I appreciate you writing this, Rohin. I don’t work in ML, or do safety research, and it’s certainly possible I misunderstand how this meta-RL architecture works, or that I misunderstand what’s normal.
That said, I feel confused by a number of your arguments, so I’m working on a reply. Before I post it, I’d be grateful if you could help me make sure I understand your objections, so as to avoid accidentally publishing a long post in response to a position nobody holds.

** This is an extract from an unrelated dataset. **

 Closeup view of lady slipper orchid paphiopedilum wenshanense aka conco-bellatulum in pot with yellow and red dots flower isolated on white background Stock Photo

I currently understand you to be making four main claims:
The system is just doing the totally normal thing “conditioning on observations,” rather than something it makes sense to describe as “giving rise to a separate learning algorithm.”
It is probably not the case that in this system, “learning is implemented in neural activation changes rather than neural weight changes.”
The system does not encode a search algorithm, so it provides “~zero evidence” about e.g. the hypothesis that mesa-optimization is convergently useful, or likely to be a common feature of future systems.
The above facts should be obvious to people familiar with ML.
Does this summary feel like it reasonably characterizes your objections?
I appreciate you writing this, Rohin. I don’t work in ML, or do safety research, and it’s certainly possible I misunderstand how this meta-RL architecture works, or that I misunderstand what’s normal.
Thanks. I know I came off pretty confrontational, sorry about that. I didn’t mean to target you specifically; I really do see this as bad at the community level but fine at the individual level.
I don’t think you’ve exactly captured what I meant, some comments below.
The system is just doing the totally normal thing “conditioning on observations,” rather than something it makes sense to describe as “giving rise to a separate learning algorithm.”
I think it is reasonable to describe it both as “conditioning on observations” and as “giving rise to a separate learning algorithm”.
It is probably not the case that in this system, “learning is implemented in neural activation changes rather than neural weight changes.”
On my interpretation of “learning” in this context, I would agree with that claim (i.e. I agree that learning is implemented in activation changes rather then weight changes via gradient descent). Idk what other people mean by “learning” though.
The system does not encode a search algorithm, so it provides “~zero evidence” about e.g. the hypothesis that mesa-optimization is convergently useful, or likely to be a common feature of future systems.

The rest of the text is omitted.